Now we can plot the stars' masses. I gathered stellar data from many sources, but I'd like to acknowledge the Nearby Star Observers for their work and for a great collection of links that allowed me to find some of the sources of data I used.
I gathered information on mass where I could, but for most of the stars I used databases that had the stars' spectral and luminosity types, distances and magnitudes, and applied stellar evolution theory to approximate the masses. I eventually had a list of the masses of 2,200 stars out to a distance of 100 light-years. I plotted these, the 688 stars closer than 50 light years, and the 51 stars closer than 25 light years, in log-log coordinates for this chart. Of the 2,200 stars, 1,876 are on the Main Sequence (Class V), and are distributed spectrally as follows:
- B - 2
- A - 38
- F - 50
- G - 379
- K - 578
- M - 829
The clear conclusion from this plot is that the data I have are not distributed according to a power law. There are two possible reasons: a great many K- and M-type stars may yet be discovered within 100 light years of Earth, or the actual distribution is not power law.

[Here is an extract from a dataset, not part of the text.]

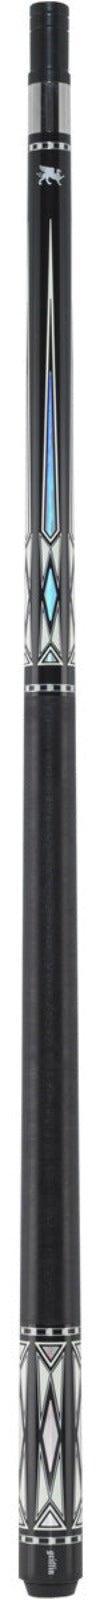 Griffin GR40 Pool Cue -Griffin

A lognormal analysis yields much straighter lines. Let us focus on the pinkish line. This set of 688 stars is probably very nearly complete.
A sphere twice the radius of another ought to have eight times as many stars within it, compared to the other. But 2,200/688 = 3.2, so many stars in the 50-100 light-year range are probably not discovered yet, and most of them will be small, dim stars (K and M) and brown dwarfs. On the other hand, 688/51 = 13.5, so there is a dearth of stars in the solar neighborhood. This is known from the literature about the "solar bubble".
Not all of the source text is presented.